A Year of Loss and Rebuilding

Little did we know at the time, a year later, Mom and Jeveon would both be gone.
My mother died January 2019 after a nine and a half year battle with Multiple Myeloma Cancer. My niece’s high school sweetheart Jeveon Washington was murdered at gunpoint in February 2019, a year after his nineteenth birthday. It was about eight months after they broke in June 2019.
This will be our first Halloween, our first Thanksgiving, and our first Christmas without my mother and Jeveon. Sometimes it’s hard to really process how cruel people can be and how callous. The cruelty of those who removed Jeveon from the world. The cruelty of doctors and staff when Mom was dying. The cruelty of friends who made every tiny thing imaginable more important than my mom’s life, her dying, my pain, or me and my family’s needs in the wake of two unimaginable tragedies and the loss of Jeveon’s young life.
Monday night, I told a friend I was alright, just going through some growing pains. The past year has come with a lot of painful lessons about the invisibility of Black pain. for as my mother’s life came to an end, I found I was increasingly expected to don the clothing of the Strong Black Woman, to silently suffer through her final days with no complaint, as my pain was troublesome and a bother to my friends. I, a burden for suffering. I, problematic if I was triggered or troubled by overt and covert signs of racism in the wake of my mother’s suffering at the hands of callous doctors, or my niece’s first love dying of gun violence.

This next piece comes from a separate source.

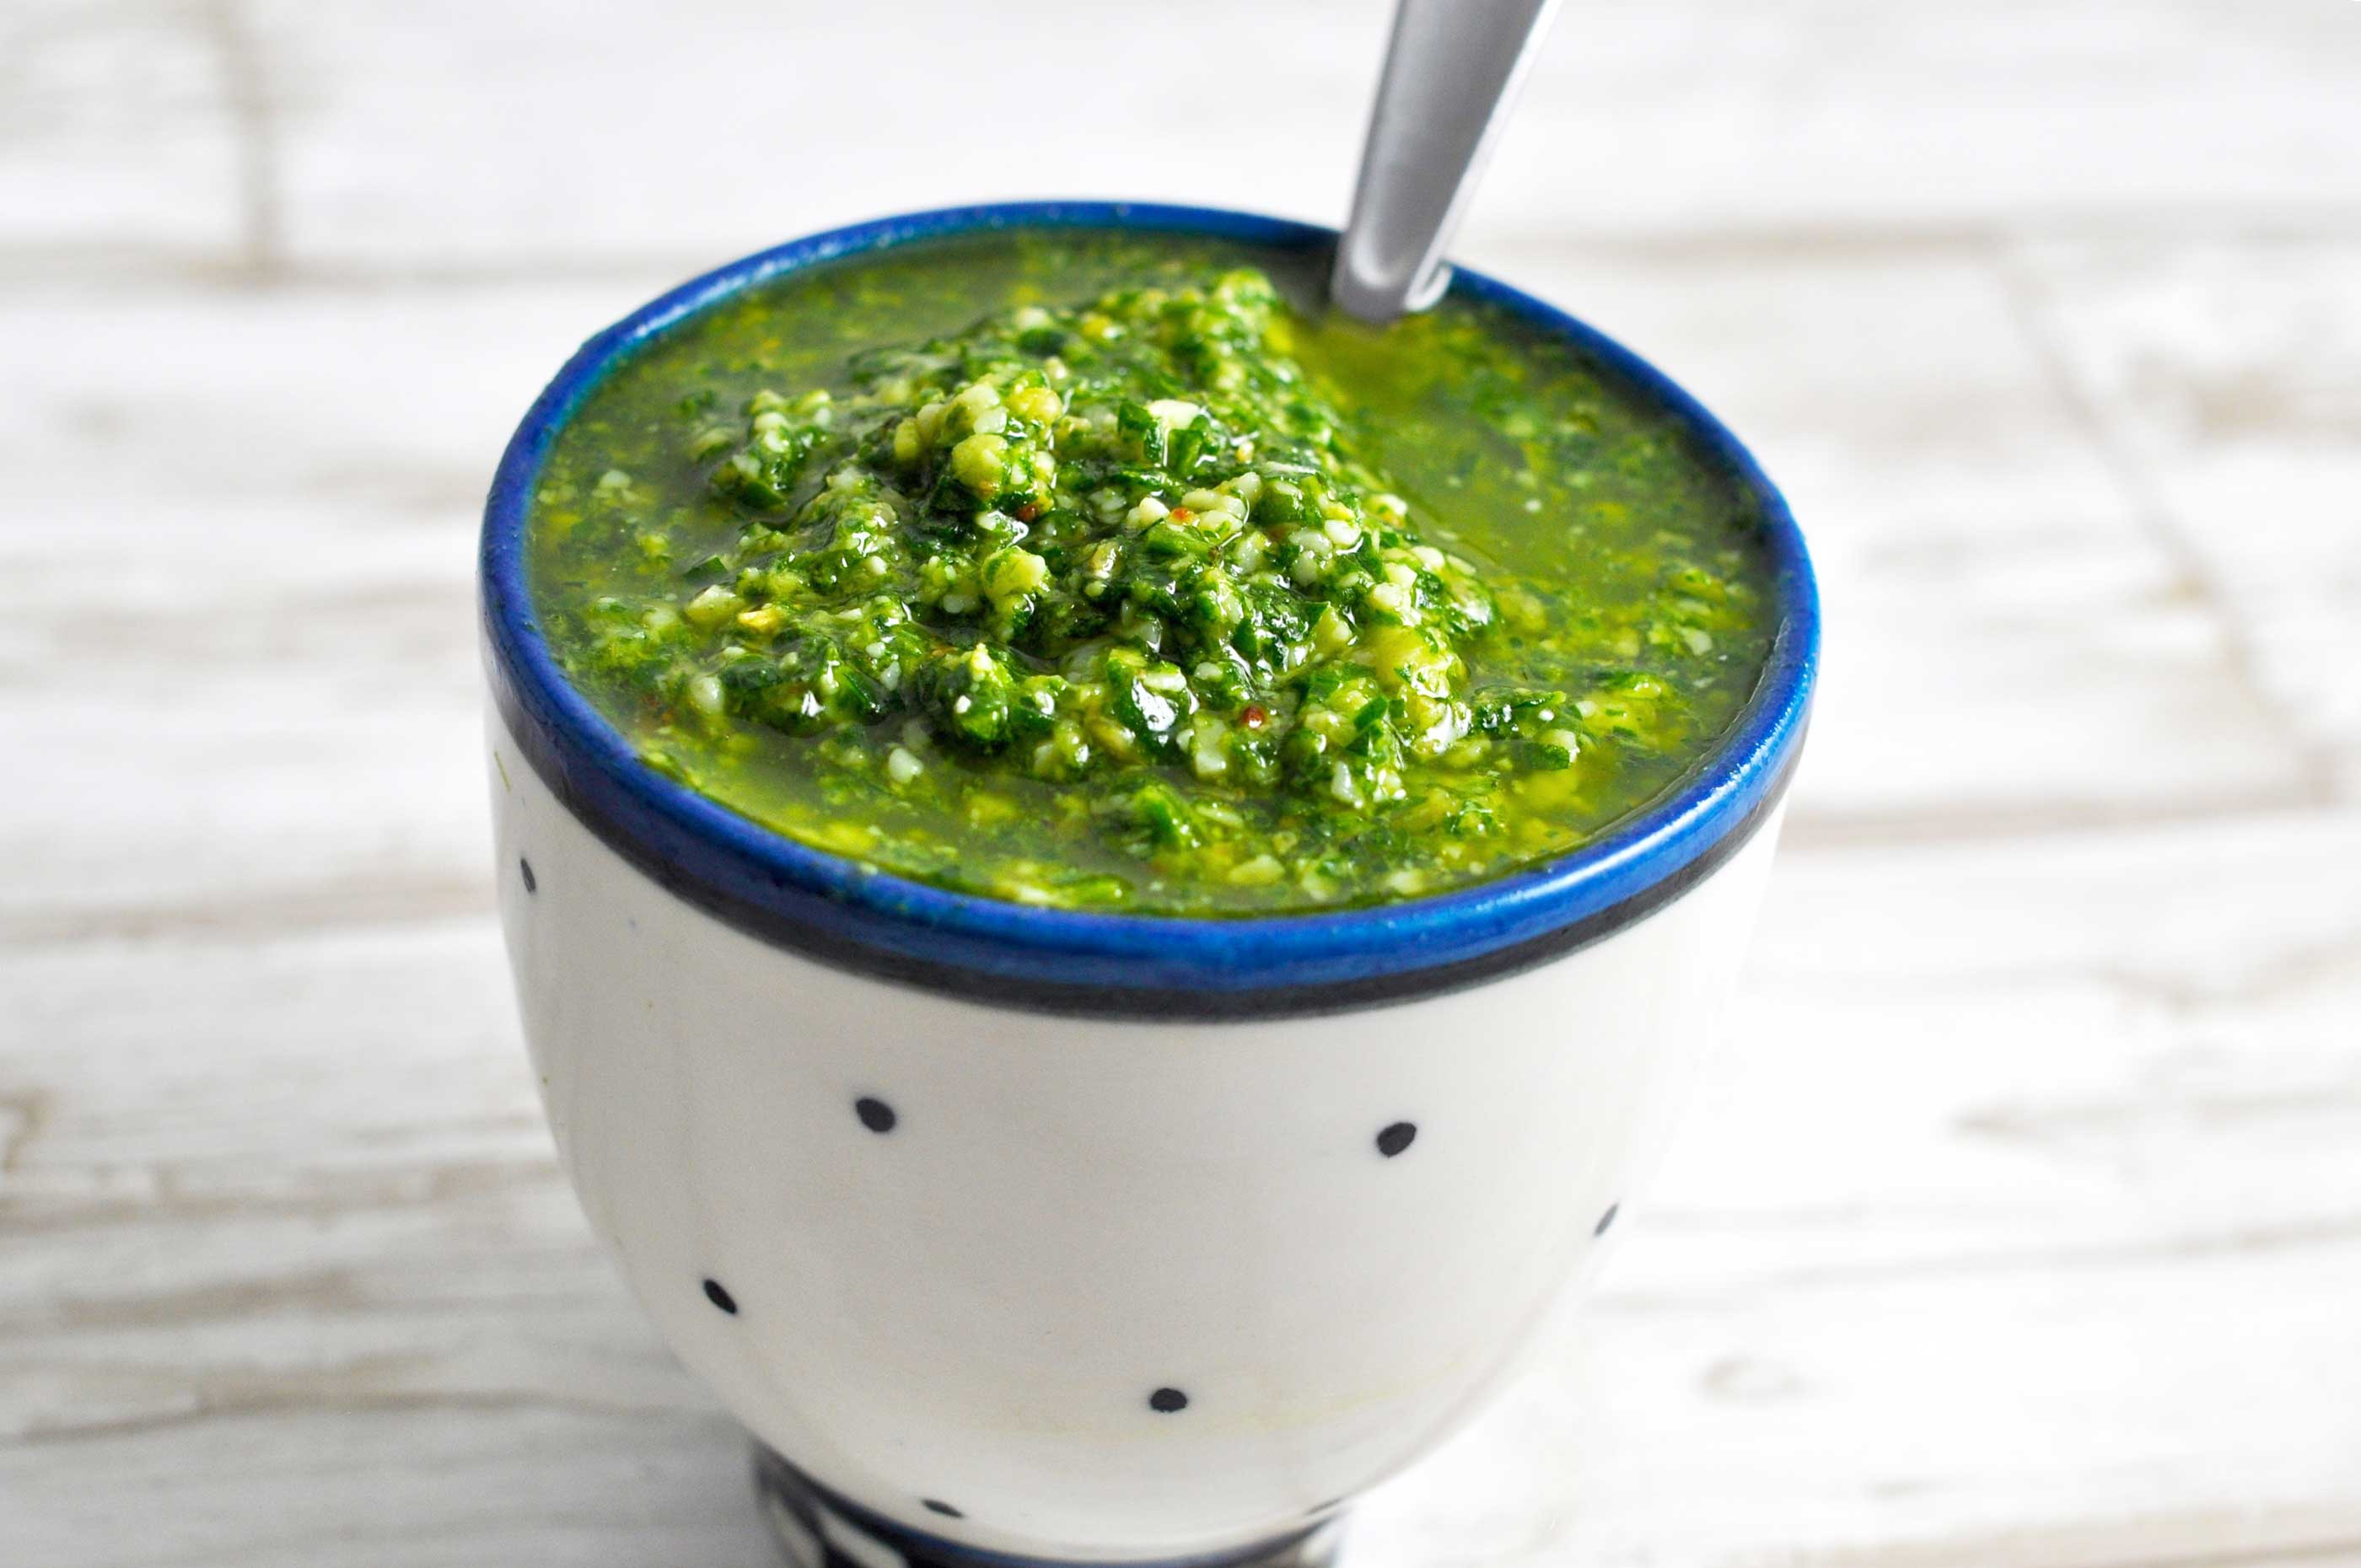 Tasty and quick pesto with rocket - done in 5 minutes

The wounds run deep. #BlackLivesMatter isn’t a cause I support as an ally. Your derogatory comments when you call me a social justices warrior, or you make jokes about me being triggered by racist imagery, or ask me why it didn’t bother me so much before Jeveon and Mom died, hurt. I feel like I am not even a real person to you anymore.

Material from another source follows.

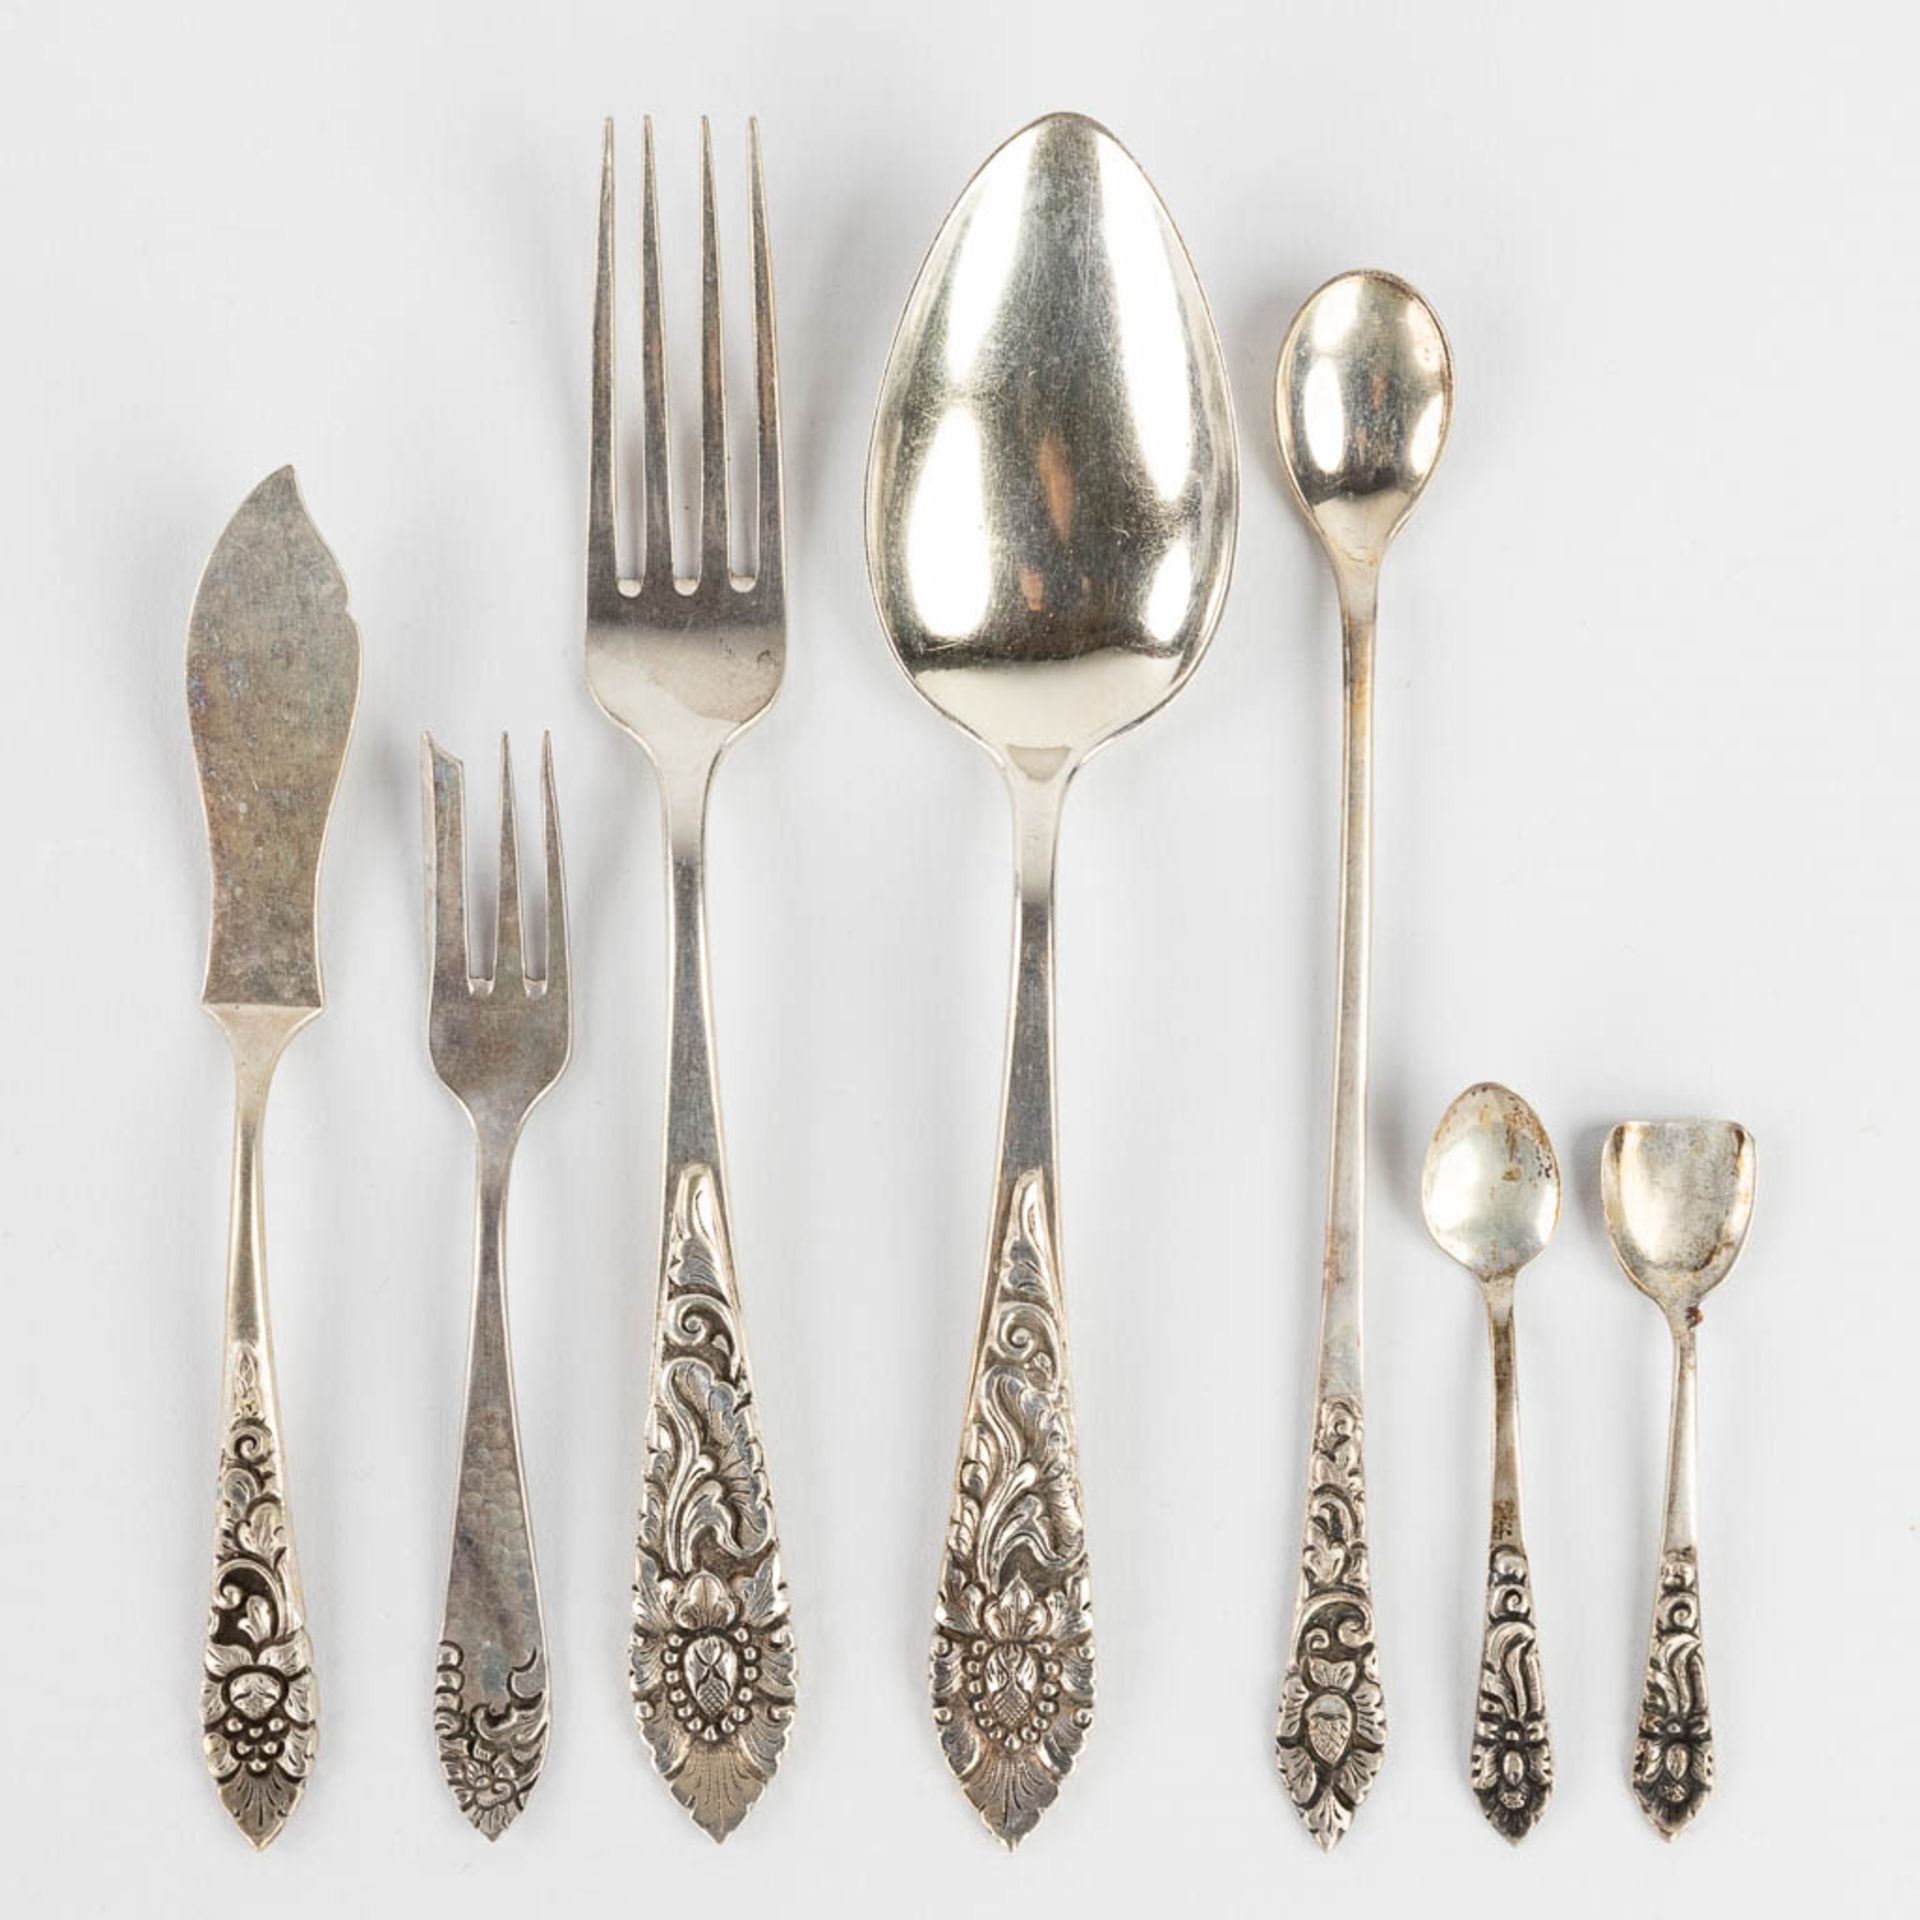 61 pieces of silver cutlery and accessories. (L:29 cm) - Image 12 of 22

When someone racist tells me he doesn’t believe I am black because I am biracial, I am supposed to suck it up. At every turn, I am supposed to swallow my pain. I am supposed to take the higher ground as others bully me while my mother lay dying, to coddle and shield thin-skinned other who are going through nothing much as my niece only 19 now grieves the loss of a young black many who died at only 19.
I am so glad that I work at San Francisco Bay View Newspaper now and my column #WritingWhileBlack.I wrote two columns so far, here’s my first column. I am so glad that I have the Black Horror Writing and Sci-Fi community, the Afrofuturist Community, the Afrosurrealist community, writer friends like Valjeanne Jeffers, Crystal Connor, Linda D Addison, Nicole Kurtz, Nisi Shawl and community friends like Wanda Kurtcu and Rudi Mwongozi and Hugh E MC and L.M. Kate JohnsTon who validate and know the struggle to be real. Projects like 100+ Black Women in Horror, Scierogenous 2, Black Magic Women, and Black Celebration to keep me sane.
How hard it is for me to bear the weight of this Strong Black Woman mantle you have thrown upon my shoulders in the wake of and in the days since my mother’s death. How hard it is for me to comfort others and tend to their wounds and emotions, making the smallest slight or wounding word or slightest change in the timber of my voice that shows the wound that rests deep in my soul since my mother left this world show.
My tears look like anger to you.
When I am hurt, you are afraid of me and hurt me even more. I look like a monster to you. Just like my mother did. And I thought you were my friends. And it hurts badly.
But I can’t help the way you see black women, how our softest words sound loud to you, how you think we are angry when we are hurt, and how even when you know we are going through something terrible you only think of yourselves and how we owe you deference and servitude.
All that hurts, but I am gonna #StayBlack and honor my mother in every way I can.
Sumiko,
I know that nothing I can say will truly help but I want you to know that I am here. I hear you. I see you. Your feelings are valid.
You’ve gone through a lot of painful experiences recently and you have every right to mourn, be angry, and be hurt when your friends don’t support you or have unrealistic expectations of you.
Bel
Thanks. Things are starting to get better in some ways, as I focus more on work that honors my mother.
I’m glad to hear that. I think that work will be healing and empowering for you.
Thank you. So far it is very healing and empowering, and keeping me connected to my mother’s strength and spirit.